#Workers stay in Initialize

28 messages · Page 1 of 1 (latest)

fresh panther
#

It's been 24 hours and I tried different GPU configurations, all the 24 - 48GB, these specifically: RTX4090 RTX5090 L40 L40S stuck in initializing in multiple(all) data centers. I tried in multiple data centers, but it is the same will all of them.

modest ploverBOT
#

To help others find answers, you can mark your question as solved via Right click solution message -> Apps -> ✅ Mark Solution

limpid totemBOT
fresh panther
#

Ticket #29446

upper wraith
#

maybe its trouble on pulling your image

fresh panther
#

There are no logs at all, it doesn't even get a chance to pull an image

#

I have created another endpoint and the same thing happens. Treid multiple regions/data centers as well.

upper wraith
#

can't be the runpod servers i guess, could be your browser

#

if it were runpod side, many people would storm this server saying the same thing

fresh panther
#

It has to be the Runpd server, it can not be my browser. If it is my browser I have serious questions about why using Firefox instead of Chrome is preventing my a worker from starting up correctly.

#

I'll give the support ticket another 24 hours since I opened it duriing the weekend but if I can not use Runpod soon, I'll just have to move to AWS again and pay them 2x. But at this point I have lost faith, I can not use Runpod reliably to build a product for our company. I guess I'd rather pay AWS 2x and know it works consistently. Well, the Ops team will be happy that I'm helping us reach our AWS contract quota haha..

calm jungle
#

you are not the only one, it's happening to me too. only for runpod worker templates like vLLM, not my own. there is another poster as well from a few days ago

fresh panther
#

Closing the loop here. Support got back to me, there is a problem with the internal registry when you create a new Serverless endpoint it sets the vLLM image as registry.runpod.net/runpod-workers-worker-vllm-main-dockerfile:3851d53f9 and that pulls from an internal Runpod registry.

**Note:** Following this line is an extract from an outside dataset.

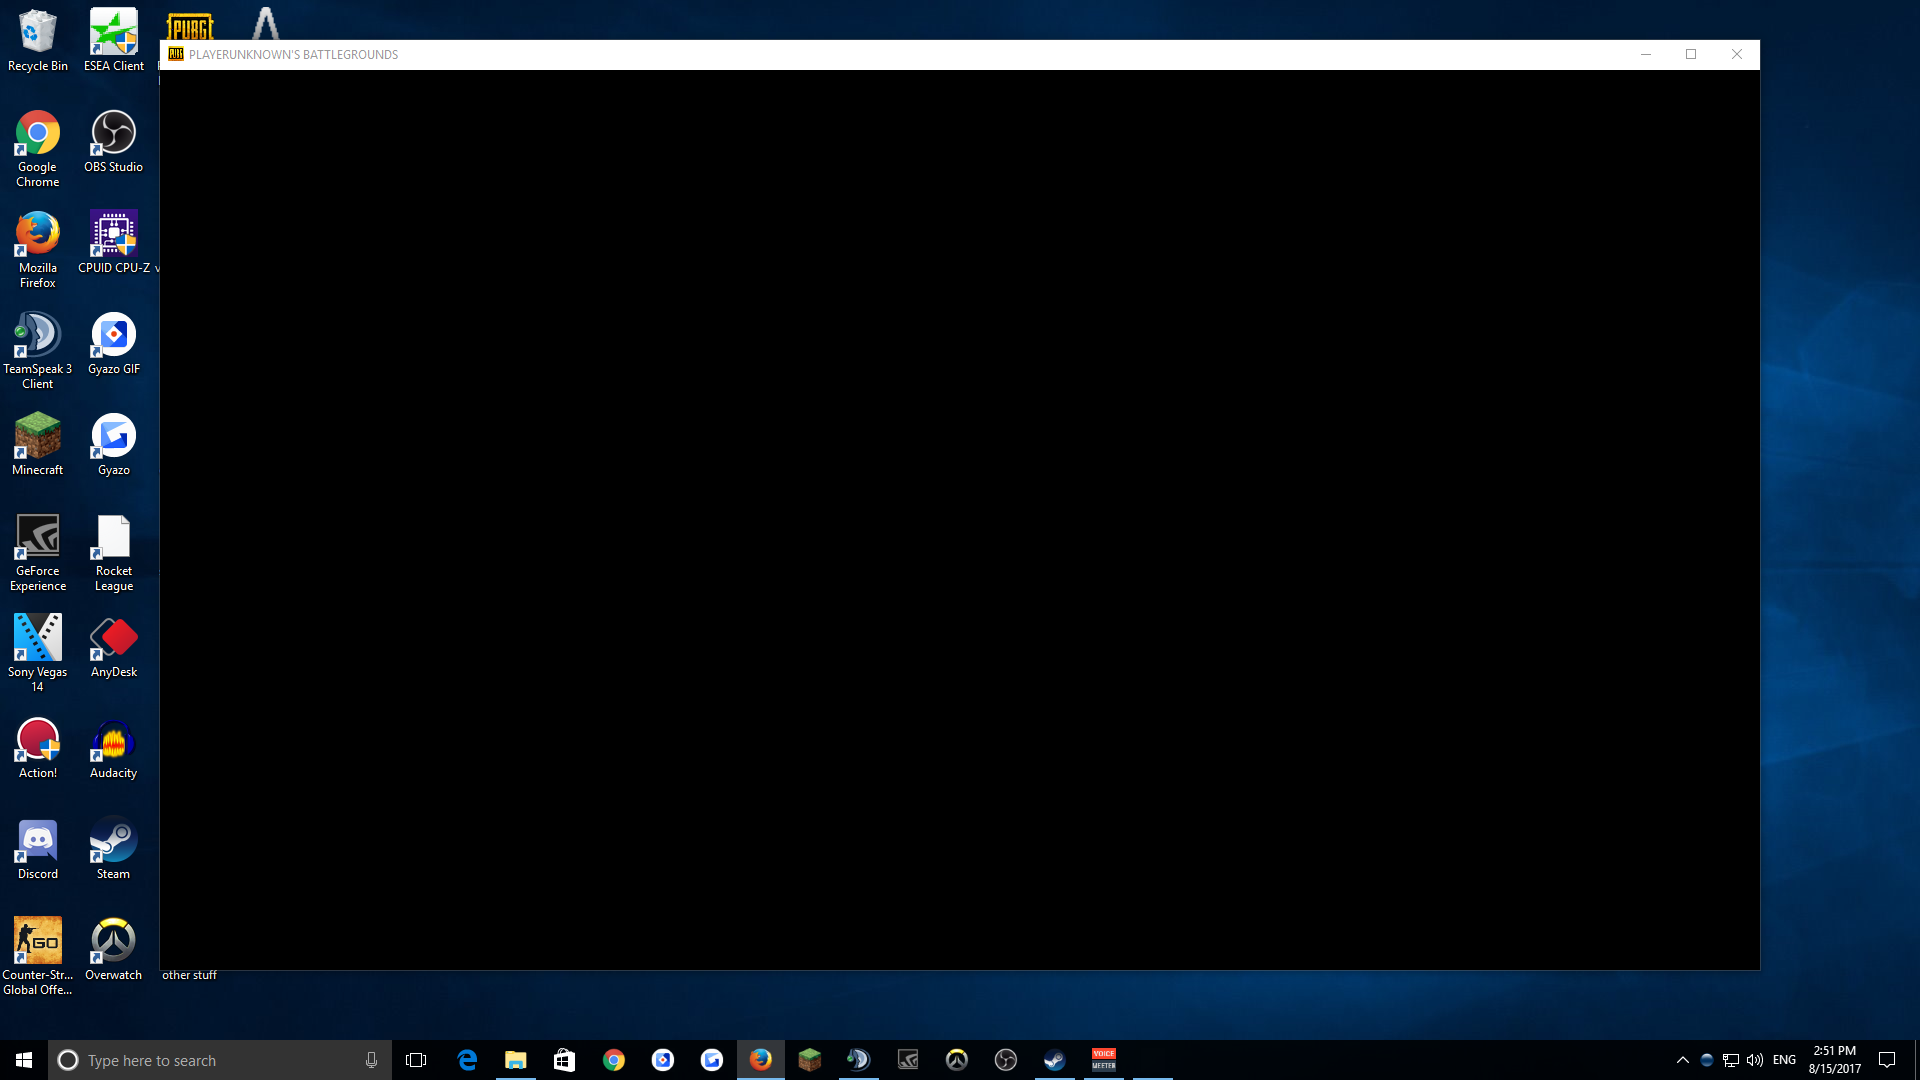 anydesk black screen windows 10

There seems to be some issues with it that they are aware of, so you have to use the DockerHub one: runpod/worker-v1-vllm:v2.11.1 untill they have fixed the issue.

modest ploverBOT
winter ridge
#

Problem stays the same for me. At least now I get log output.

#
2026-01-08T09:05:59Z loading container image from cache
2026-01-08T09:08:43Z Loaded image: runpod/worker-v1-vllm:v2.11.1
2026-01-08T09:08:44Z v2.11.1 Pulling from runpod/worker-v1-vllm
2026-01-08T09:08:44Z Digest: sha256:aa576ece2d76cac59578a8ef4595719423648b7e52eaebb36df0fd2a3e5dfbda
2026-01-08T09:08:44Z Status: Image is up to date for runpod/worker-v1-vllm:v2.11.1
2026-01-08T09:12:28Z create container runpod/worker-v1-vllm:v2.11.1
2026-01-08T09:12:28Z start container for runpod/worker-v1-vllm:v2.11.1: begin
2026-01-08T09:12:44Z start container for runpod/worker-v1-vllm:v2.11.1: begin
2026-01-08T09:13:00Z start container for runpod/worker-v1-vllm:v2.11.1: begin
2026-01-08T09:13:16Z start container for runpod/worker-v1-vllm:v2.11.1: begin
2026-01-08T09:13:32Z start container for runpod/worker-v1-vllm:v2.11.1: begin
2026-01-08T09:13:48Z start container for runpod/worker-v1-vllm:v2.11.1: begin
2026-01-08T09:14:04Z start container for runpod/worker-v1-vllm:v2.11.1: begin
2026-01-08T09:14:20Z start container for runpod/worker-v1-vllm:v2.11.1: begin
2026-01-08T09:14:35Z remove container
#

Also the worker now just stays in unhealthy state. 🤔 If we know, it is unhealthy, would it not make sense to remove it? 🤓

upper wraith
upper wraith
winter ridge
#

did not change env variables, took everything from the vllm template. just changed the container path because runpod hub seems broken.

#

logfiles don't tell too much. 🤓

upper wraith
#

hmm ic

#

open a support ticket then

upper wraith
winter ridge
#

i just specified a model from hugging face. as i understand that should be cached. but it never started even once ... both jobs in the queue for hours.